FWIW, here's the fonts used by such PDF:

Code:

Fonts: Bauhaus93 (Type1; embedded)
Calibri (Type1; embedded)
Calibri,Italic (TrueType (CID); Identity-H)
Calibri-Bold (Type1; embedded)
Calibri-Bold-KSCms-UHC-H (Type1 (CID); Identity-H; embedded)
Calibri-BoldItalic-KSCms-UHC-H (Type1 (CID); Identity-H; embedded)
Calibri-Italic (Type1; embedded)
Calibri-Italic-KSCms-UHC-H (Type1 (CID); Identity-H; embedded)
Calibri-KSCms-UHC-H (Type1 (CID); Identity-H; embedded)
NirmalaUI-Bold (Type1; embedded)

Do you know of a fix?

Thank you.

Quoth · 09-13-2025, 02:28 PM

OCR the image?

Shohreh · 09-13-2025, 05:40 PM

I thought about it, but before, I'd like to 1) understand what the problem is and 2) check if the PDF can't be doctored to solve the problem at the root (change fonts?)

Sarmat89 · 09-14-2025, 07:10 AM

Most PDF tools cannot work with identity-encoded fonts. I found the PDFMiner Python package can.

Quoth · 09-14-2025, 07:42 AM

Also try export using Ghostscript (or Ghostview GUI of it).

Shohreh · 09-15-2025, 07:13 AM

"identity-encoded fonts": What's that?

Before I investigate, would you have the commands handy?

willus · 09-15-2025, 09:50 PM

Can you attach a page or two of the PDF that gives you the "garbage" cut and paste result?

Shohreh · 09-16-2025, 09:12 AM

Here's one:

Karellen · 09-16-2025, 03:33 PM

Out of curiosity I ran it through gimagereader and it found and exported the text correctly...

Shohreh · 09-19-2025, 10:06 PM

Why doesn't SumatraPDF display it correctly?

Karellen · 09-20-2025, 12:41 AM

Quote:

Originally Posted by Shohreh

Why doesn't SumatraPDF display it correctly?

Sorry, no idea. I am not familiar with that software.

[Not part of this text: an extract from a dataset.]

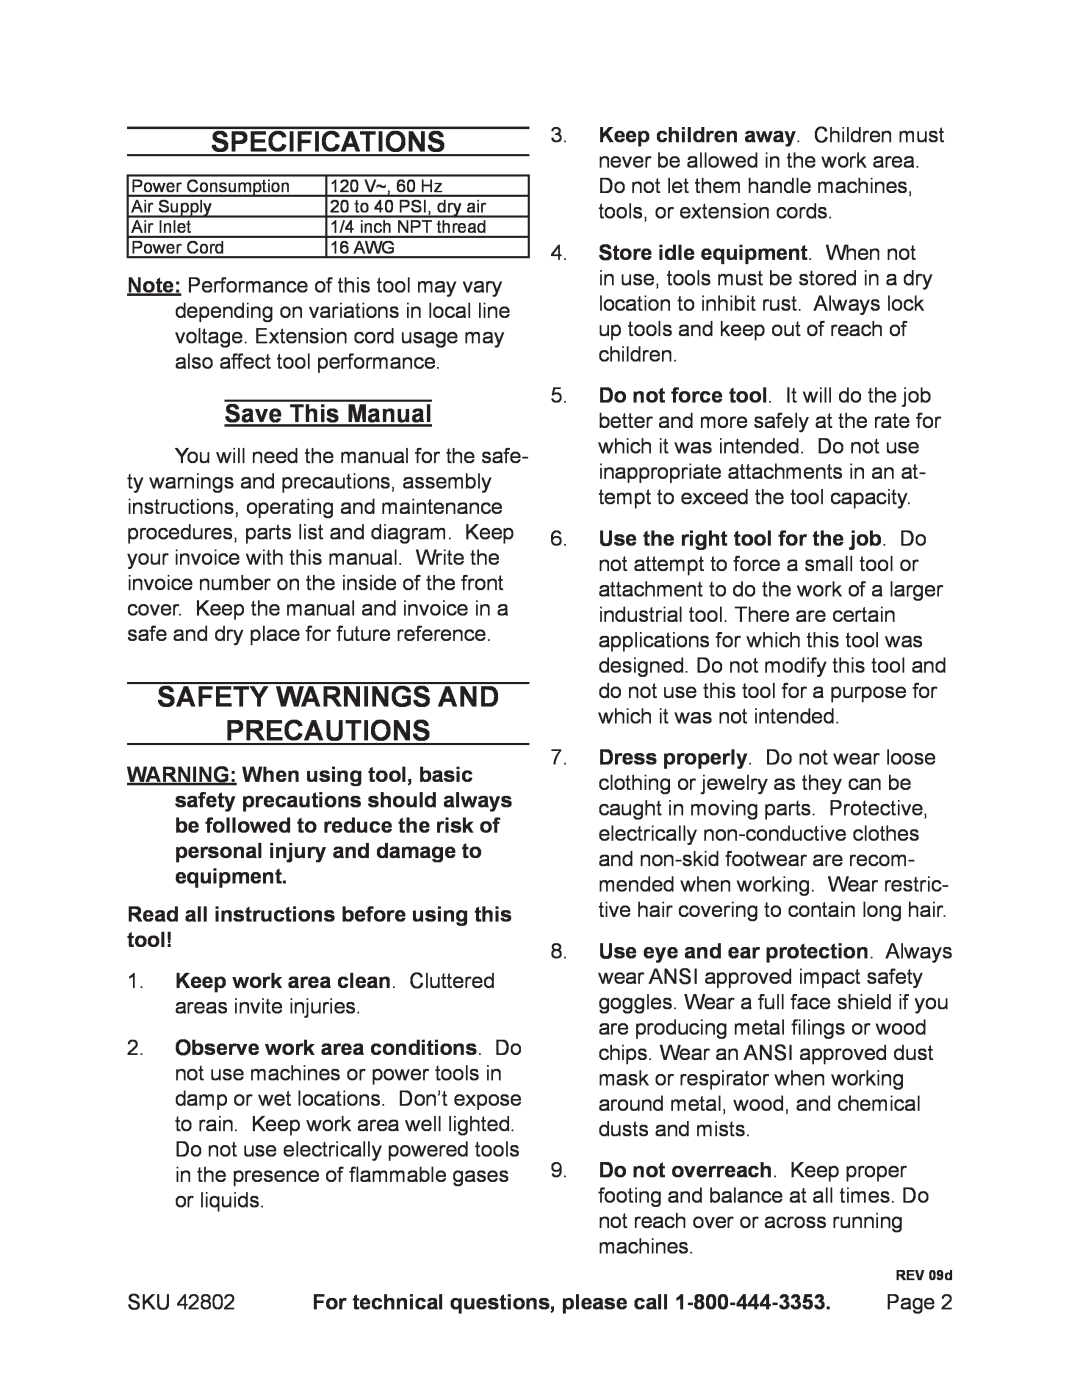 Chicago Electric 42802 operating instructions Specifications, Safety Warnings and Precautions, Save This Manual

willus · 09-21-2025, 03:22 PM

Thanks for posting an example PDF. Do you have any software that correctly copies and pastes the text from your sample (garbage.pdf)? I tried:

1. Loading the PDF directly into MS Word
2. Extracting the text w/k2pdfopt
3. Copying and pasting from SumatraPDF v3.5.2
4. Copying and pasting from Adobe Reader
5. Copying and pasting from Abby FineReader v16

All of them showed the same thing--basically repeated UTF-8 values of 0xEF 0xBF 0xBD.

I think the PDF itself is likely encoded incorrectly.

-Will

PS. gImageReader is a Tesseract OCR front-end. I don't believe it is extracting the text layer from the PDF. I think it's doing OCR on the sample to get the text.

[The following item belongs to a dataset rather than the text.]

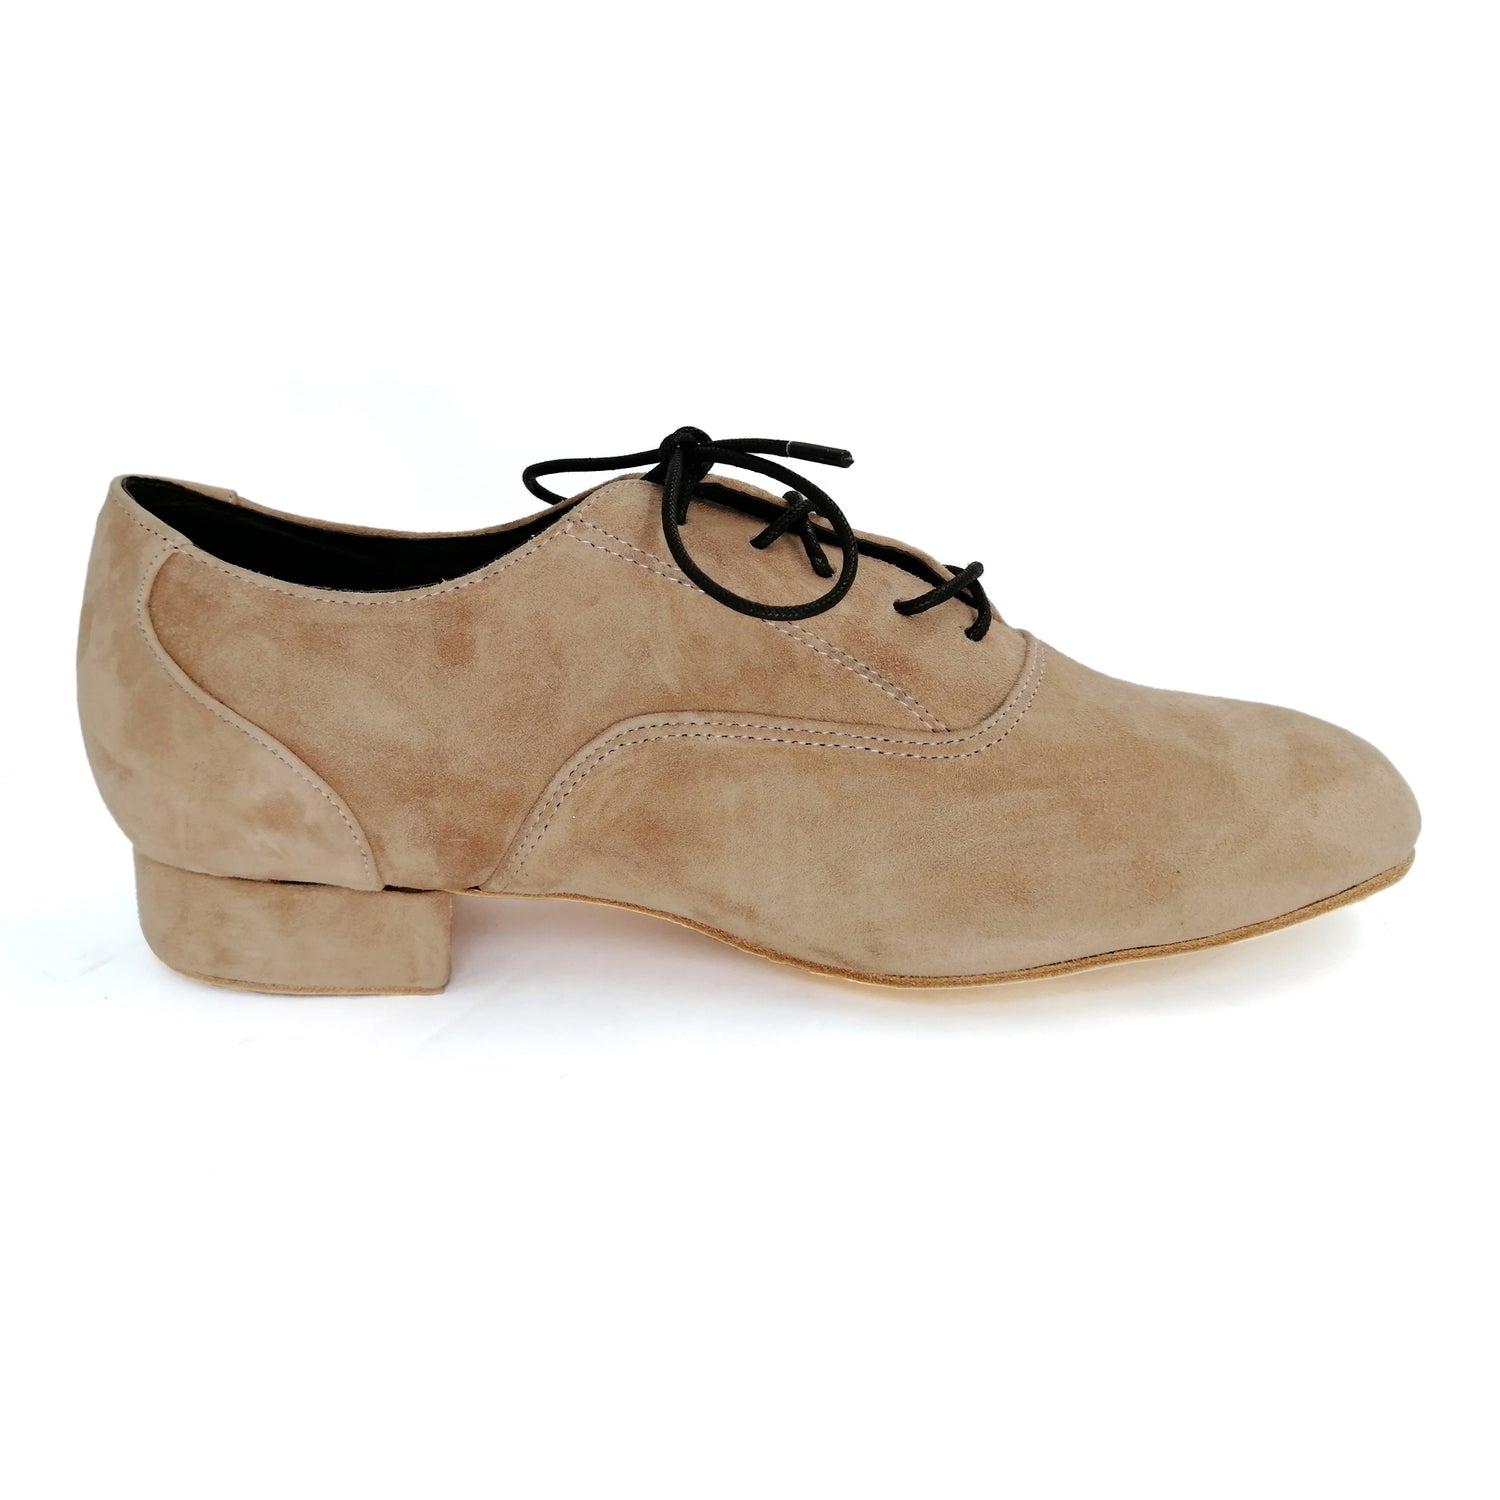 Men's Pro Dancer Tango Shoes with 1 inch Heel Leather Lace-up for Argentine Tango3

Jellby · 09-22-2025, 12:31 PM

I think the font is intentionally garbled, possibly to make copy-paste impossible or very inconvenient. With some patience and a hex editor, it may be possible to find a one-to-one equivalence to characters.

Here's what pdftotext and fontforge give for the text and font.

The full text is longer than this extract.